Lee is also proud to be part of a program that offers as many opportunities for learning and advancement as the VANAP does at the UAB School of Nursing.

As part of collaborative partnerships with the Birmingham VA Medical Center and UAB Hospital, she works with various psychiatrists, pharmacists, other nurse practitioners and other interprofessional teams to provide state-of-the art care to veterans. She also attends psychopharmacology classes with residents from the UAB Department of Psychiatry one day a week, attends “grand rounds” at UAB, learns about the structure and function of the brain with pathology residents in a shared pathology lab, and works at a local clinic for the homeless.

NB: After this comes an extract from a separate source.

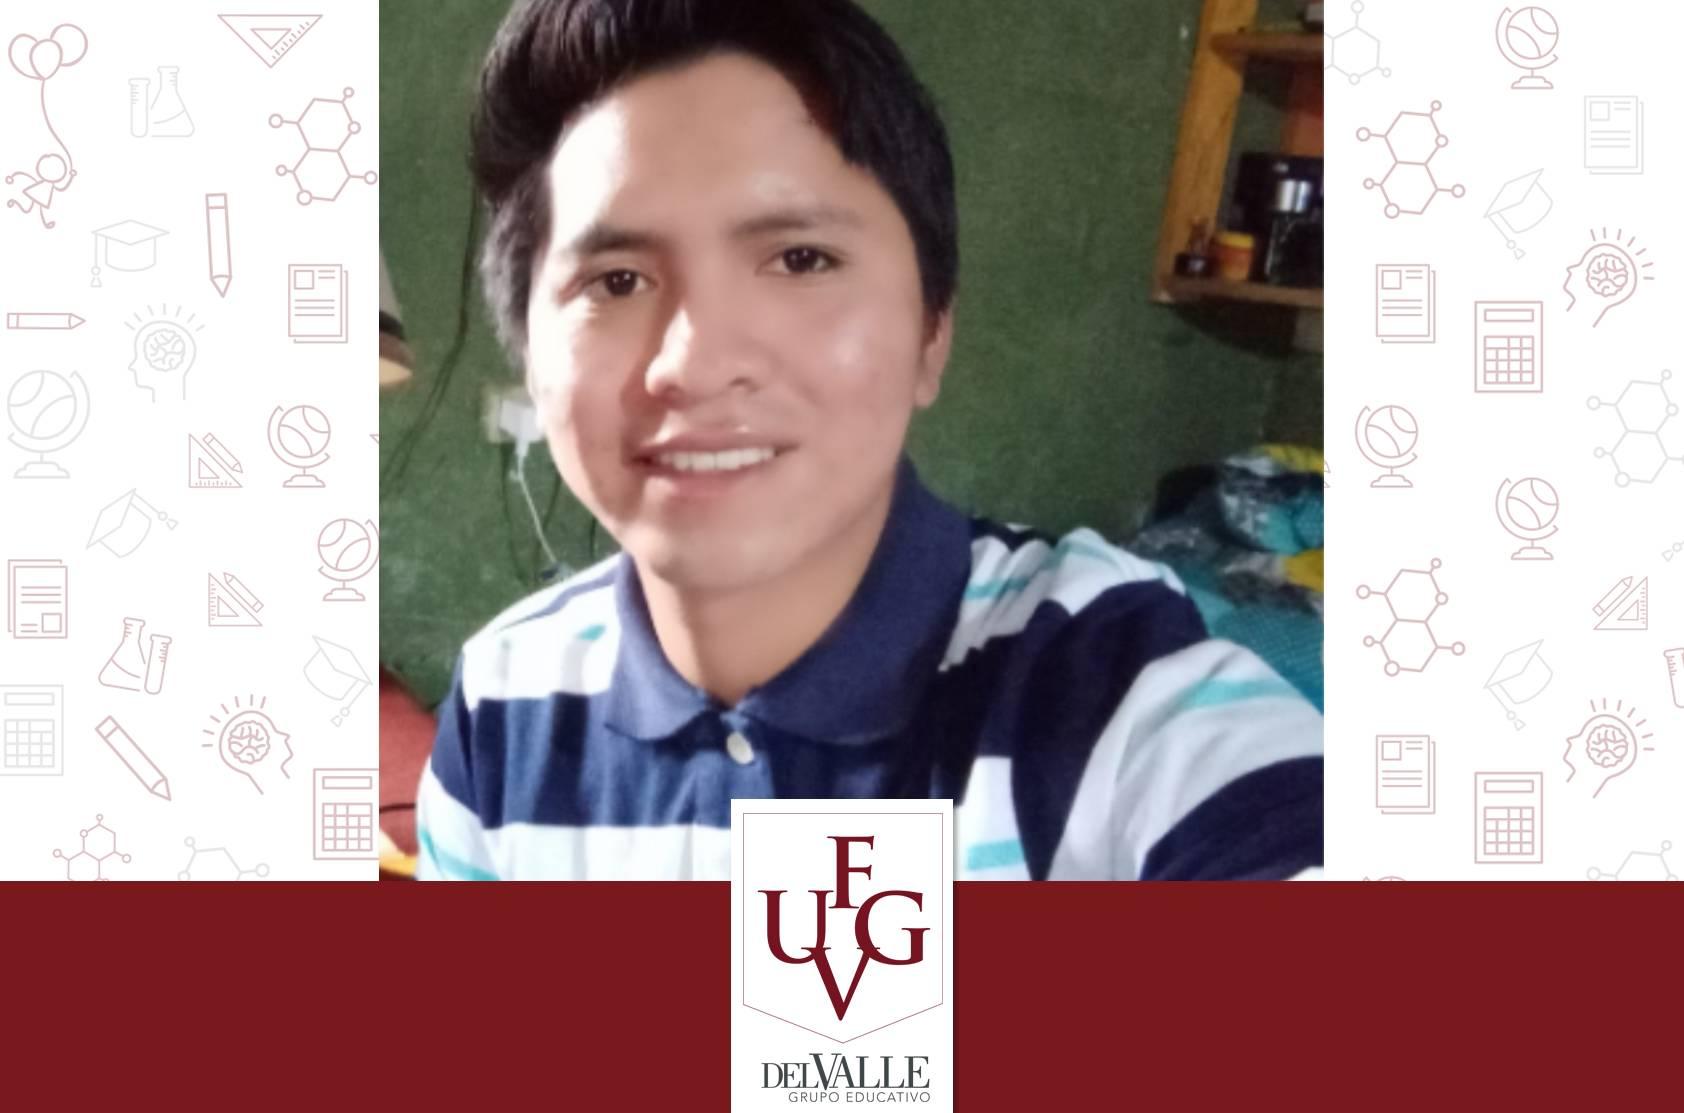 Luis Yaxón también participa en el programa Estudiantexestudiante
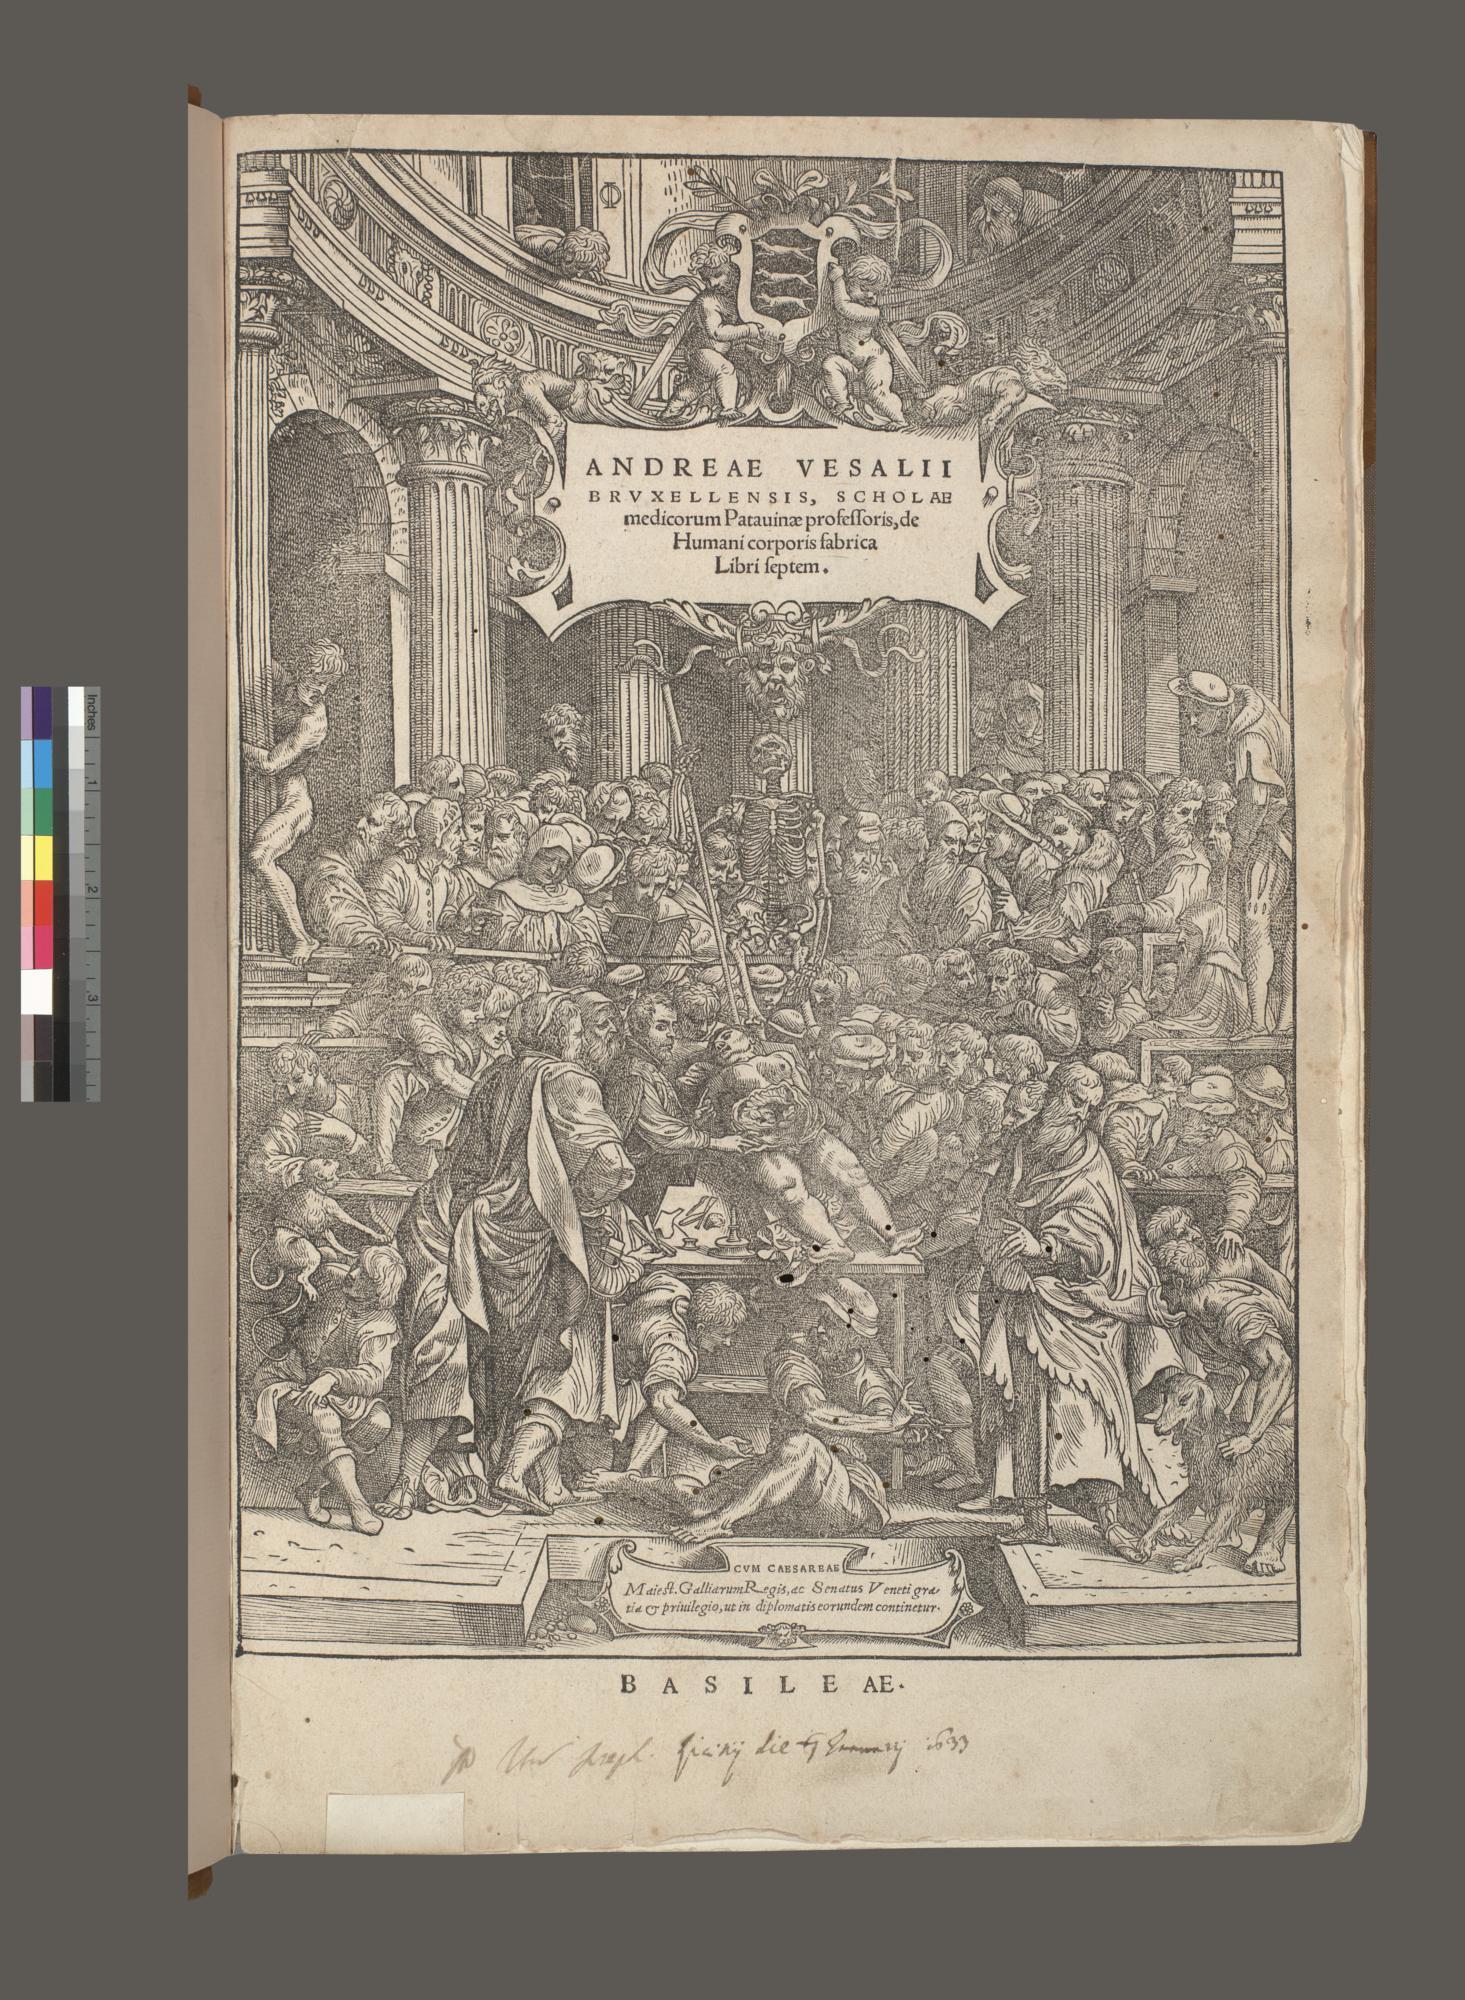 Andreae Vesalii Bruxellensis, scholae medicorum Patauinae professoris, de humani corporis fabrica libri septem.

“It has been a really good educational and professional experience getting to work with so many different providers and learning their styles and the various aspects of their specialties,” Lee said. “I’ve met some great people at the UAB School of Nursing and the VA, too. The VA has been incredibly welcoming of this program.

“The psychiatrists and nurse practitioners like having us there and are always willing to teach us and answer questions that will help us be better prepared to provide the best possible health care for our veterans.”

As Memorial Day approaches, Lee reflects on her service and experiences and notes that it means something different to her now than it did before she became a U.S. Army nurse.

“I would say 10 years ago I was very naive about what Memorial Day really meant,” Lee said. “Growing up, it was the day you talked about soldiers who made the ultimate sacrifice and what they did and prayed for them; but it was also a day off to barbecue and hang out at the pool. Now it is a very humbling holiday that will always be a part of me.

“I absolutely love what I do,” Lee said. “It is really rewarding to be a psychiatric nurse practitioner in the United States Army and at the VA, and to get to work with those on active duty and with veterans. I am pretty sure they will have to kick me out of the Army to ever get rid of me.”